**Work to complete**
The data below contains pictures, which are to be skipped; the lines starting at the line with "PACK OF 2 BABOLAT" and ending at the line with "Surfing for me" are to be output exactly, both ends included.
+++ Input +++
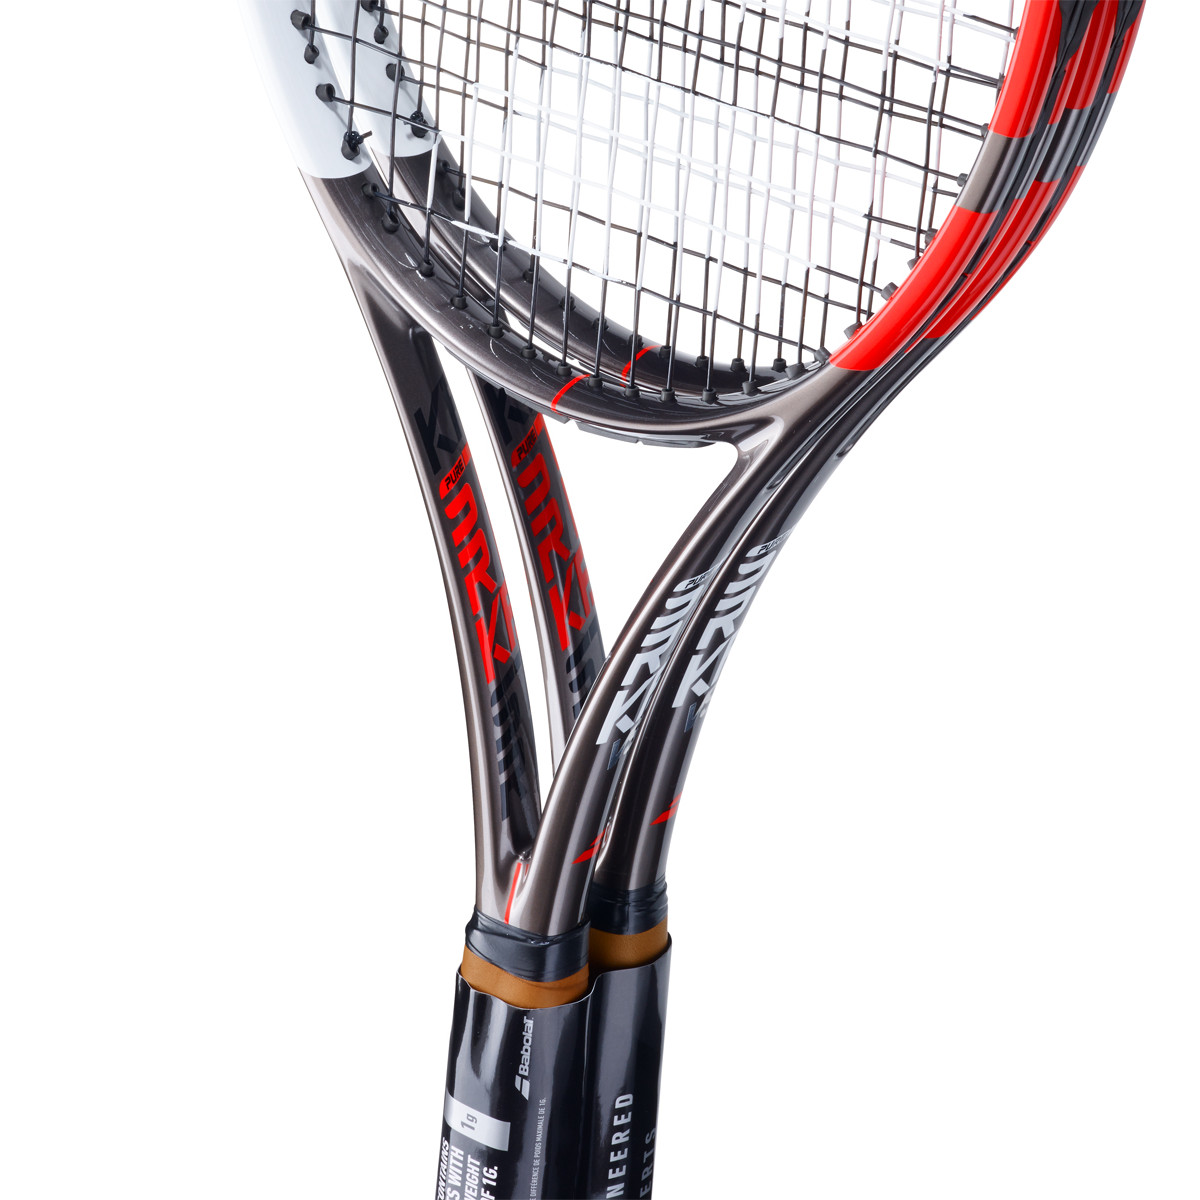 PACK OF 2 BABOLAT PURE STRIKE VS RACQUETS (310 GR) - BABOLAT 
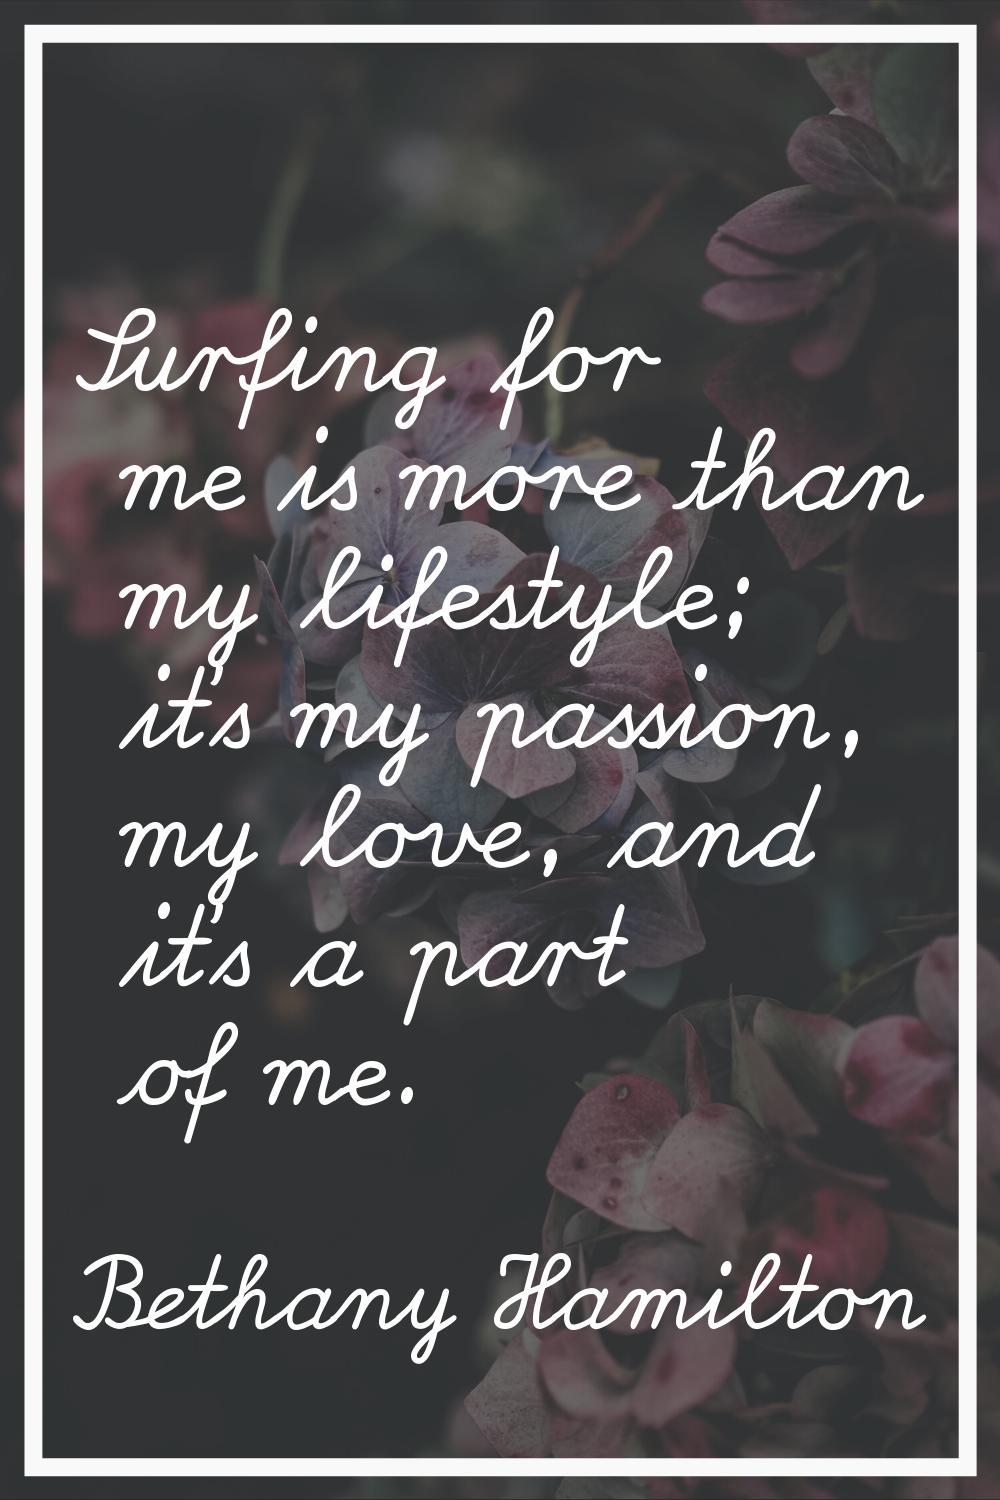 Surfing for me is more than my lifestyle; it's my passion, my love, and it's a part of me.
+++
+++ Input +++
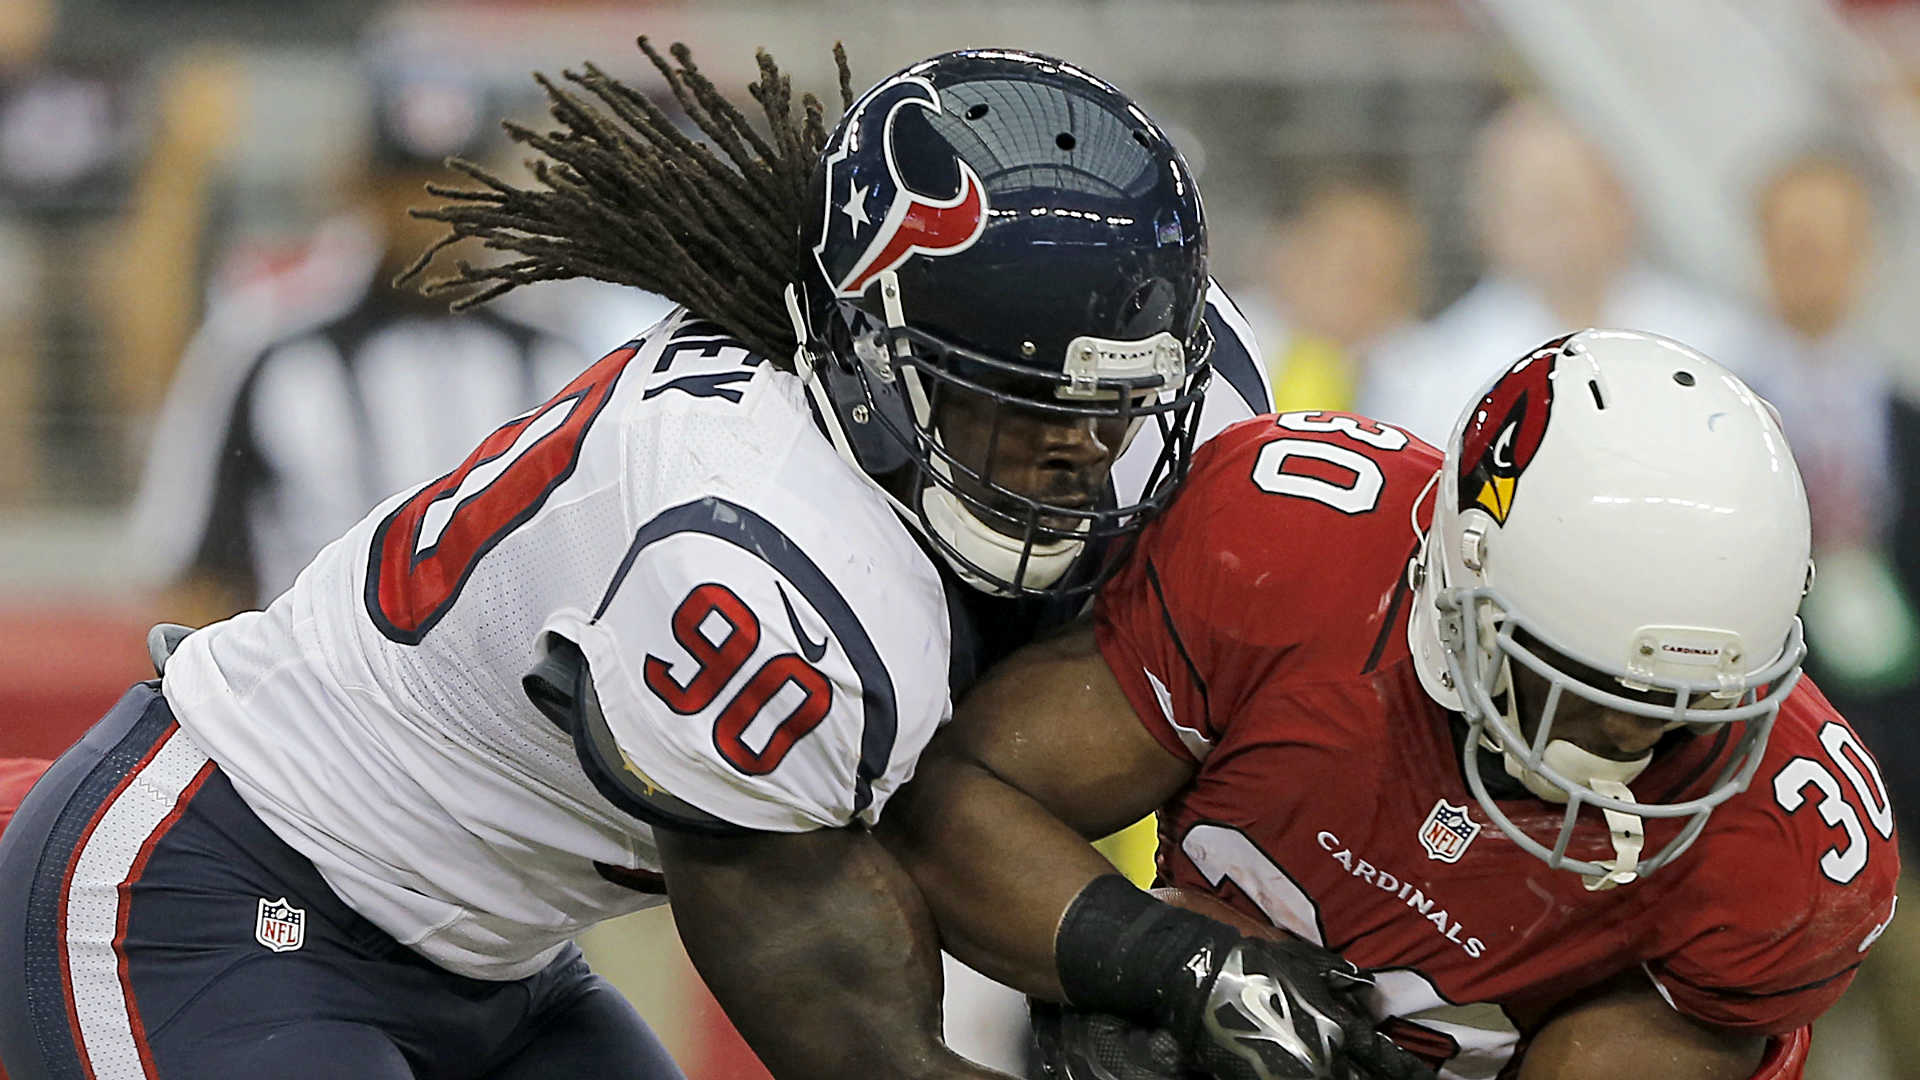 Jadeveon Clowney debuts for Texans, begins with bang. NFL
+++
**The answer**
 PACK OF 2 BABOLAT PURE STRIKE VS RACQUETS (310 GR) - BABOLAT 
 Surfing for me is more than my lifestyle; it's my passion, my love, and it's a part of me.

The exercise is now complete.